Methods Health care claim data from the National Health Insurance (NHI) program during the period 1997-2002, and the ATC 7-digit coding system of NHI Pharmaceutical Subsidy was used as the interface for analyzing the pharmaceutical claim data. Hospital market was defined by geographic boundary, and hospital competition was measured by the Herfindahl-Hirschman index based on the market share of outpatient visits. Prescribing behaviors, including prescribing high cost OHAs implies providing cost-enhancing services, and new OHAs and poor quality OHAs imply the high and low level of the prescribing quality respectively. The caseload of diabetes was estimated by indicated complexity of pharmacology. Instrumental variables are employed to identify the endogeneity and measurement error.
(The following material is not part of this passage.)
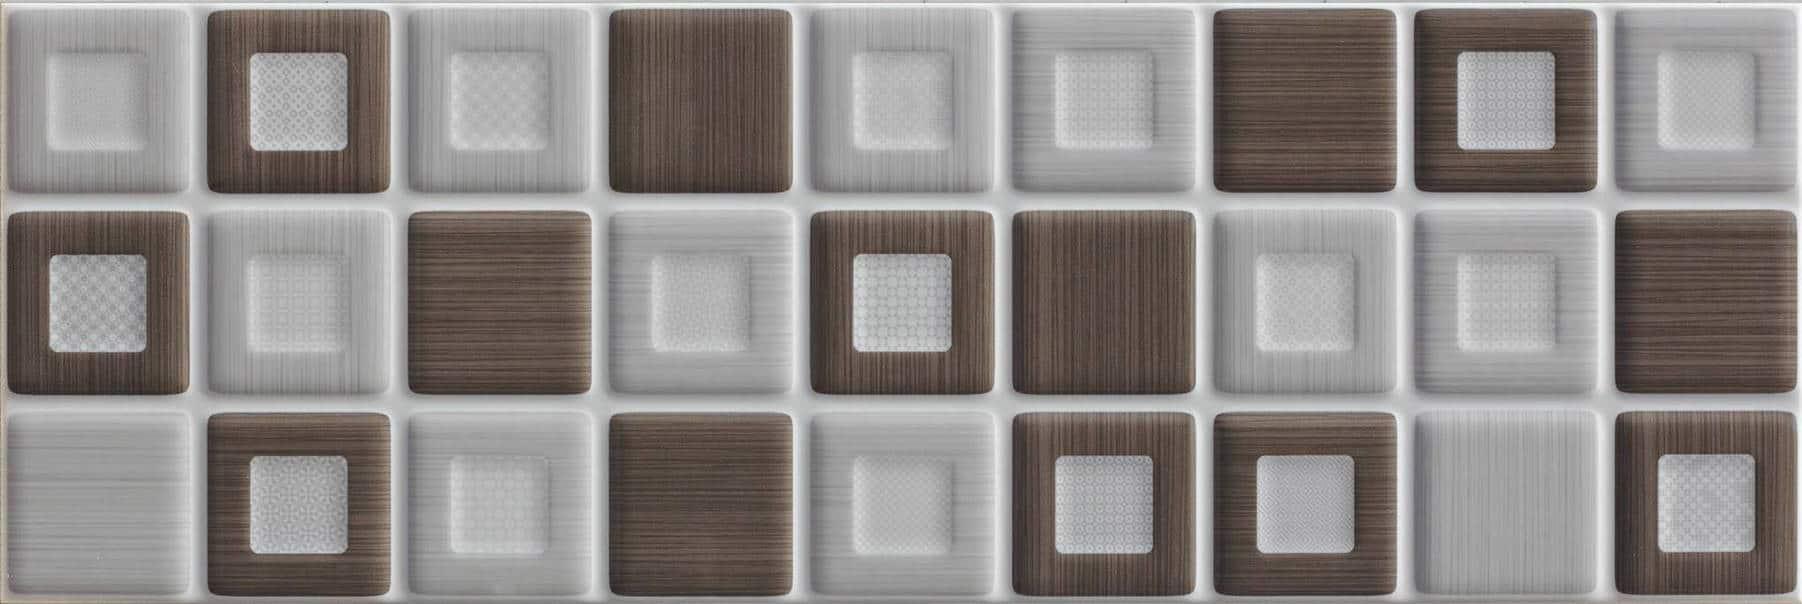 Faianță pentru baie Saloni Prisma Mosaico Gris 200x600 lucioasă mixate / 9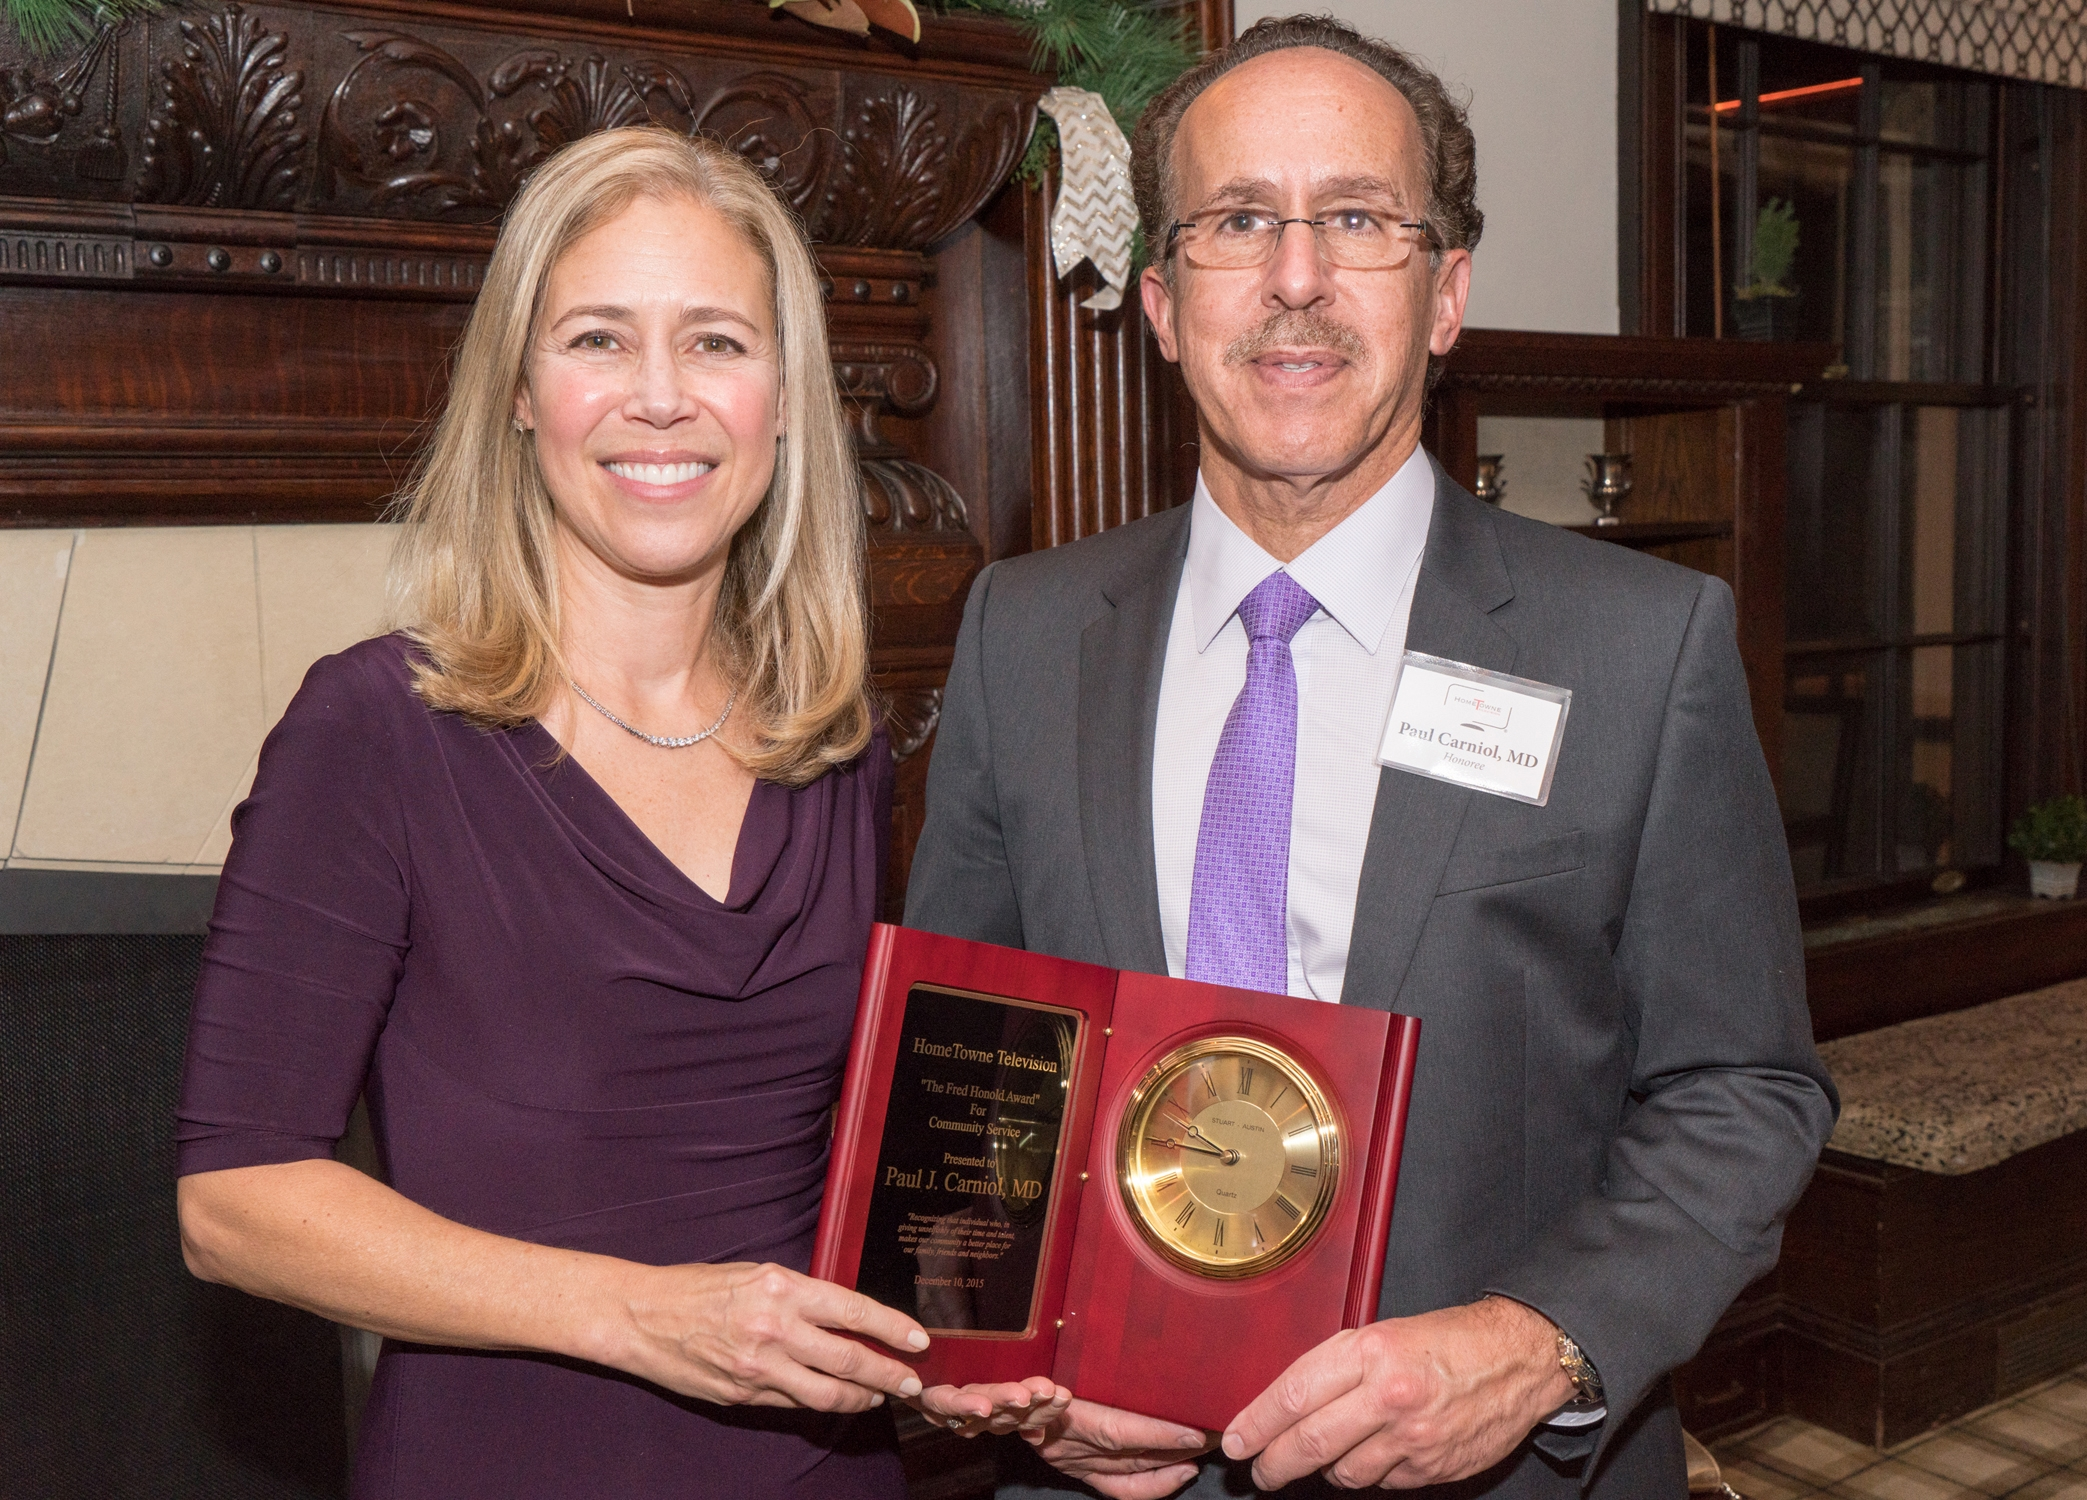 fc12c2b1d4e982a31027_Honold_Award-Beth_Brier_and_Dr_Carniol-5x7.jpg

Results There are 2,110 observations of the hospitals, and 18,045 observations of the outpatients and 158,655 outpatient visits documented with diabetes in six years. For overall hospitals, there is a positive relationship between hospital competition and prescribing poor quality OHAs. For regional hospitals, under the market with three levels of hospitals, there is a negative relationship between regional hospital competition and prescribing poor quality OHAs. But under the market with two levels of hospitals, there is a positive relationship between regional hospital competition and prescribing poor quality OHAs. For district hospitals, under the market with three levels of hospitals, there is a negative relationship between district hospital competition and prescribing poor quality OHAs. Under the market with two levels of hospitals, there is a negative relationship between regional hospital competition and district hospital prescribing new OHAs. Under the market with two levels of hospitals or only district hospitals, there is a positive relationship between district hospital competition and prescribing high cost OHAs.
Conclusion We found the negative impact of hospital competition on the prescribing quality, but couldn’t to rule out the potential effects of the physician prescribing habits and asymmetric information. In addition, our findings suggest market mechanisms may improve the prescribing quality of regional and district hospitals under the market with three levels of hospitals. It appears to be that the market with three levels of hospitals may be the area with abundant medical resources, likely being able to provide more pharmaceutical services and information to patients to alleviate the asymmetric information problem. Therefore, appropriate allocation of medical resources to enhance patients’ drug knowledge may be one way to improve the effect of market mechanism on the prescribing quality.